▶ **INPUT MATERIAL**:
++++

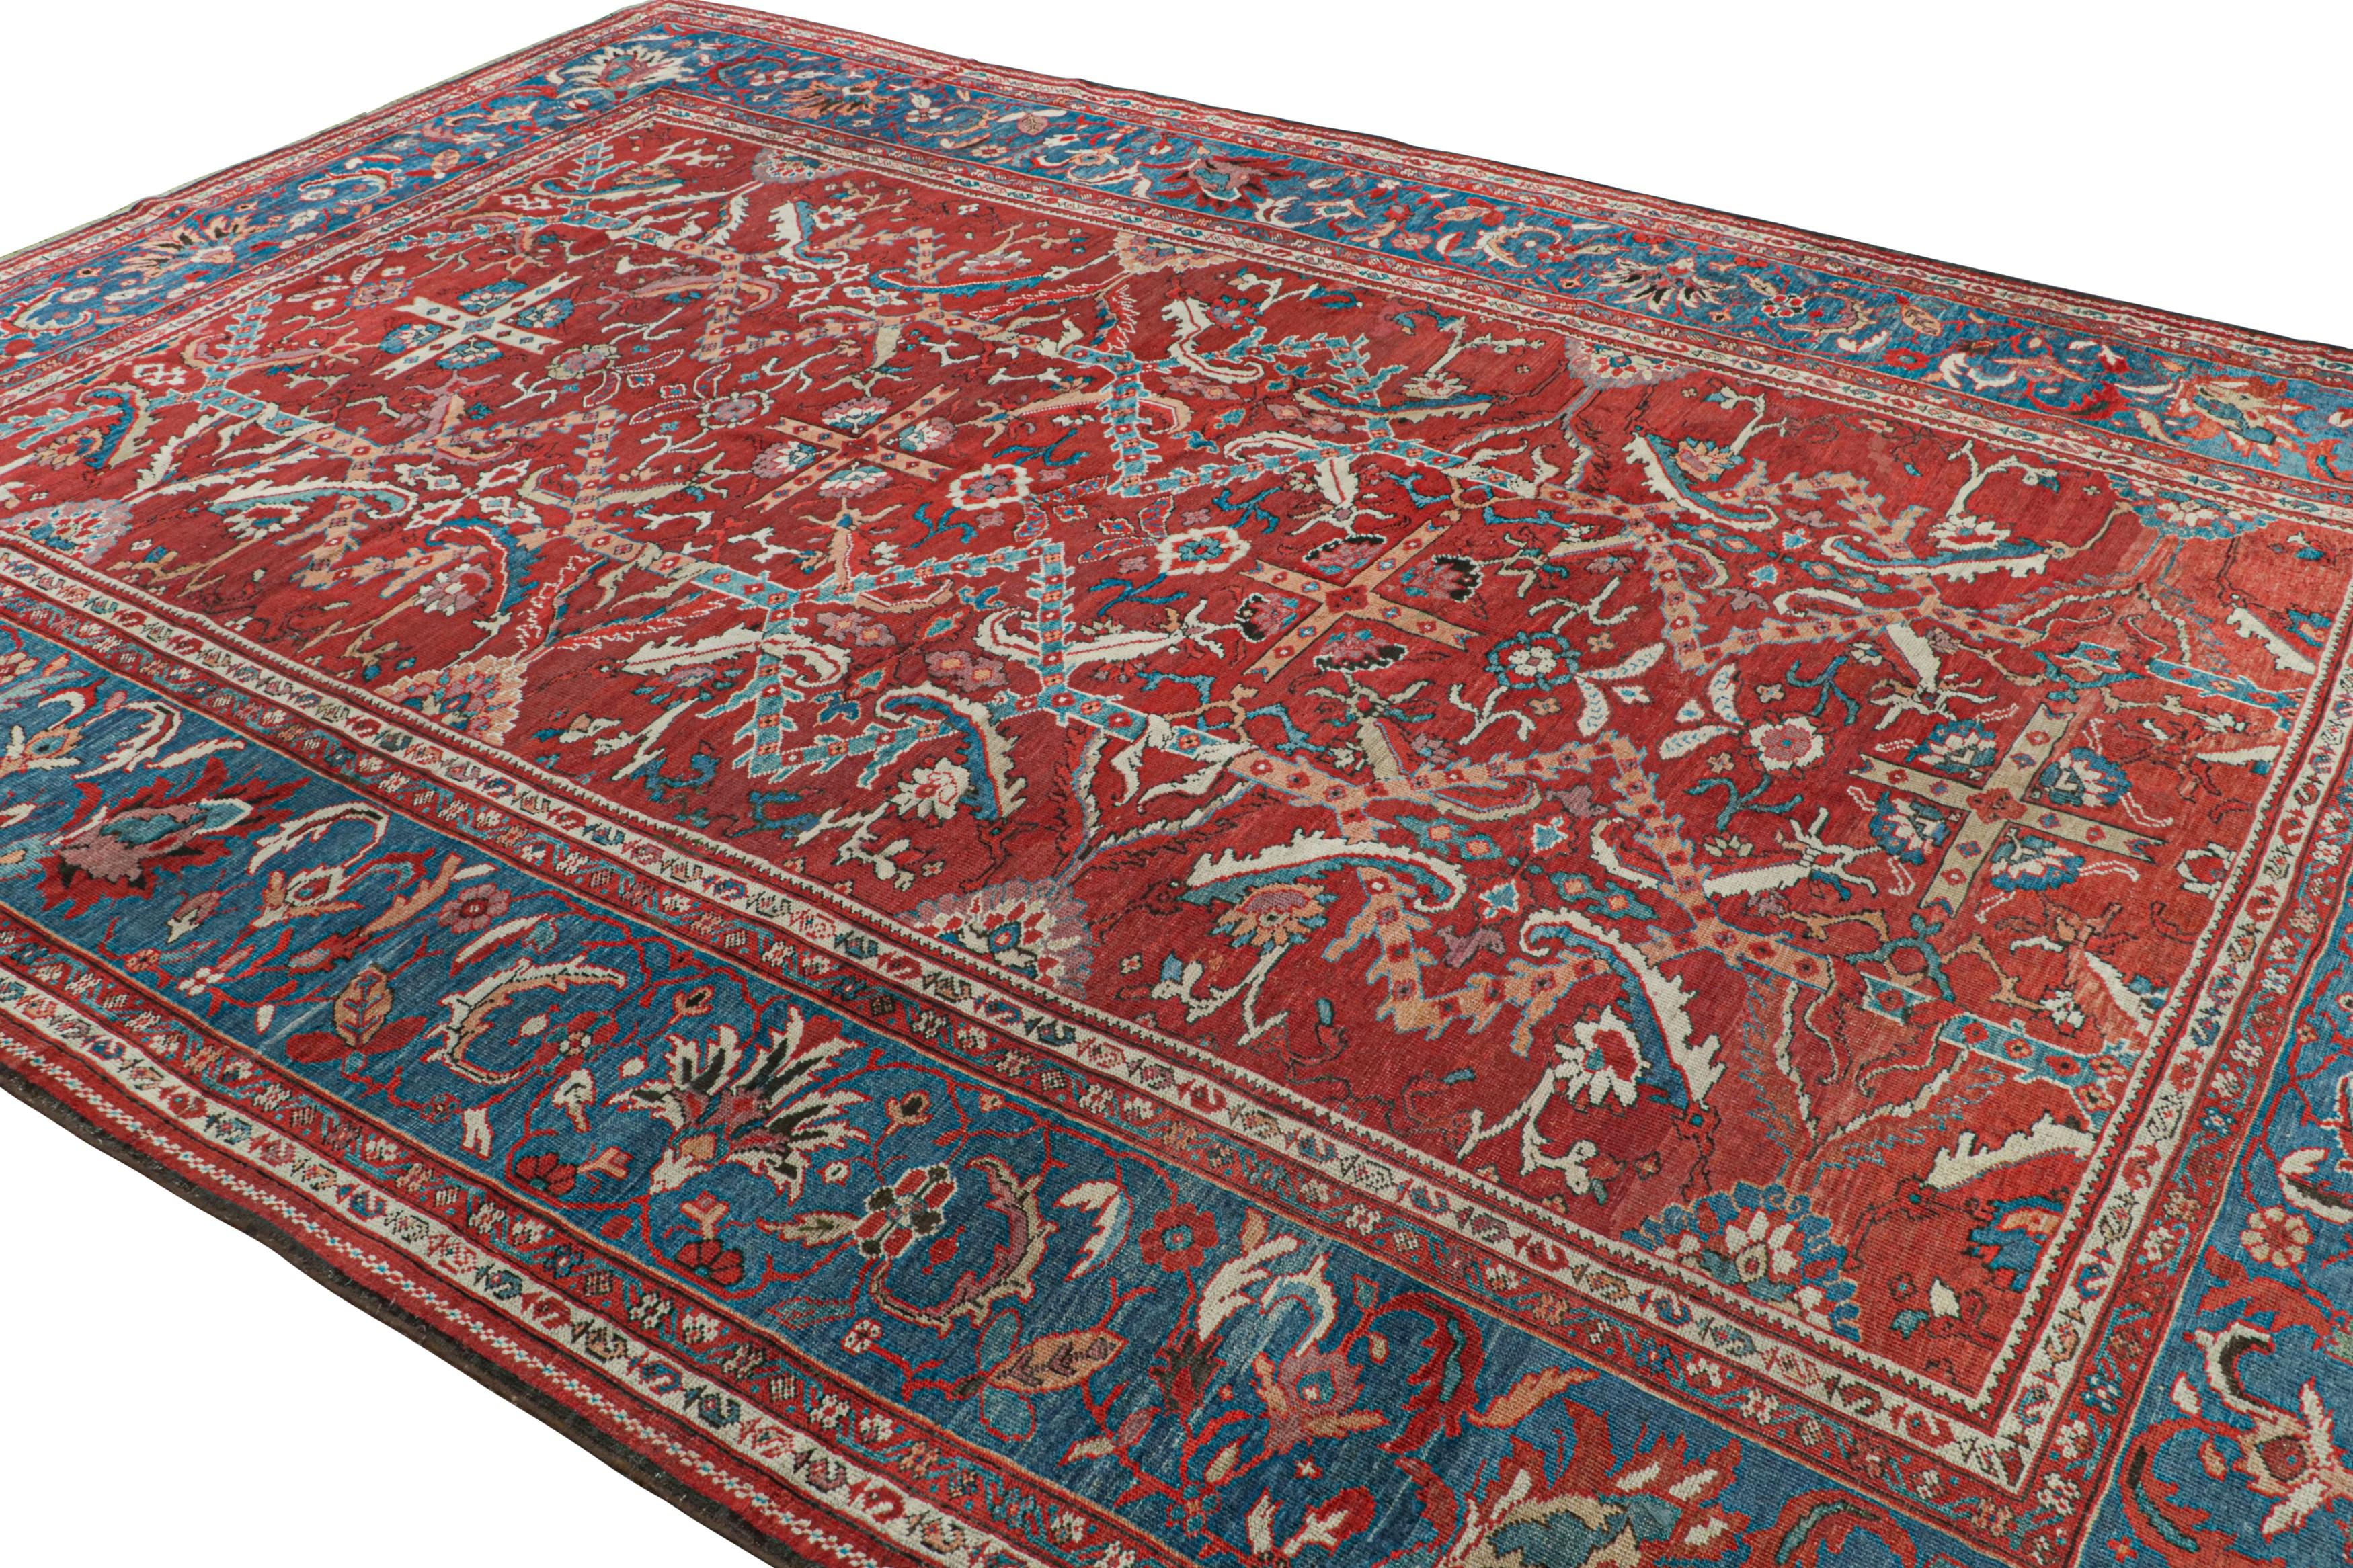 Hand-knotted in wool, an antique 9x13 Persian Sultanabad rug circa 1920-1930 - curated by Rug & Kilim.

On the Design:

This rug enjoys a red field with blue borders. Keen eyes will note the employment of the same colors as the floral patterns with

++++

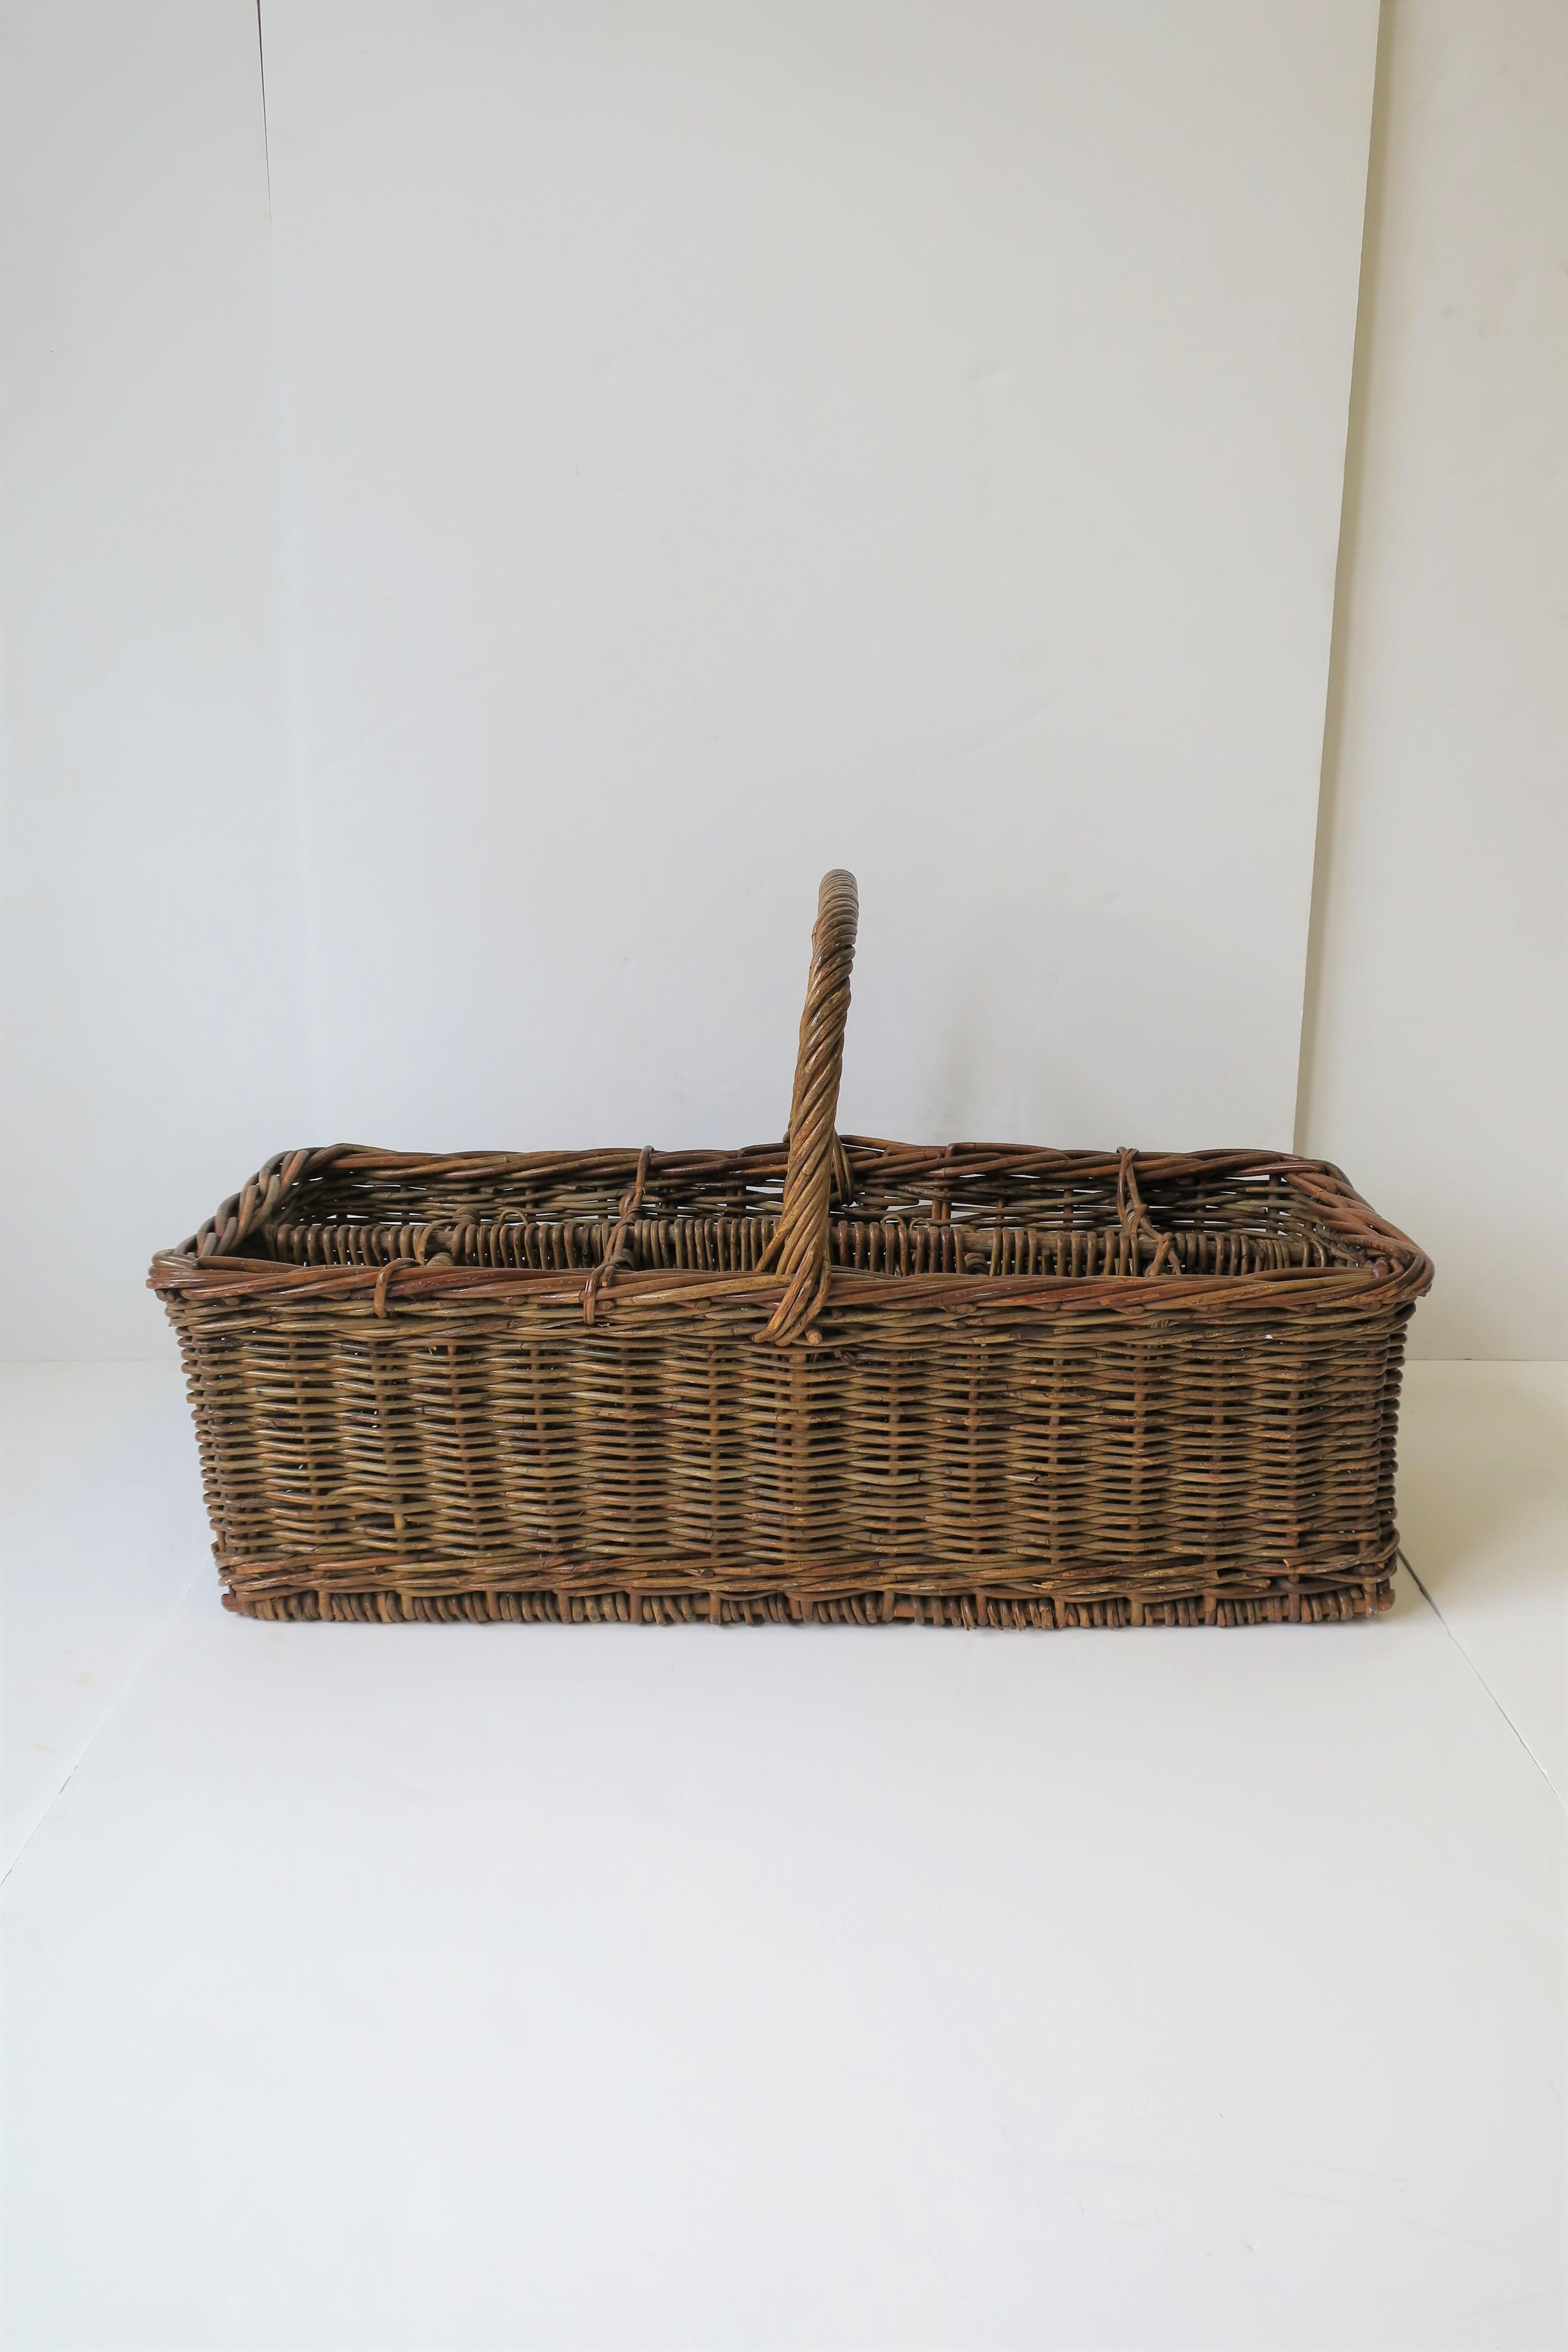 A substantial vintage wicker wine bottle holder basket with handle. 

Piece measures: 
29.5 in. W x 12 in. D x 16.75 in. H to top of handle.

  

++++

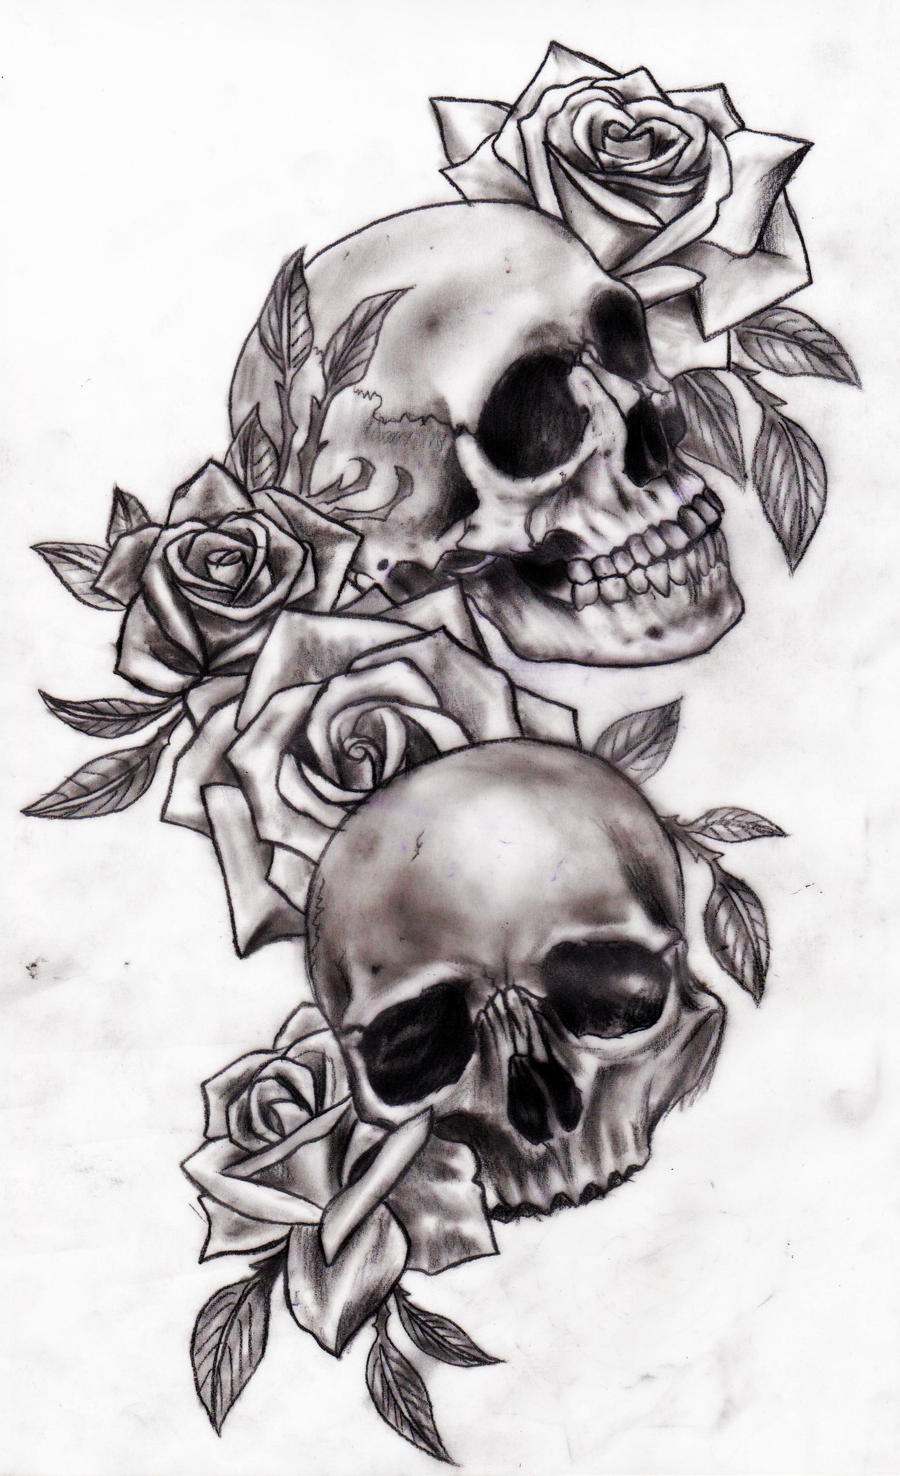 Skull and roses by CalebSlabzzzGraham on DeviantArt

++++

▶ **WHAT NEEDS TO BE DONE**:
Without the pictures, give again exactly the lines above starting at the line containing "Hand-knotted in wool, an" and ending at the line containing "This rug enjoys".

▶ **COMPLETED TASK**:
 Hand-knotted in wool, an antique 9x13 Persian Sultanabad rug circa 1920-1930 - curated by Rug & Kilim.

On the Design:

This rug enjoys a red field with blue borders. Keen eyes will note the employment of the same colors as the floral patterns with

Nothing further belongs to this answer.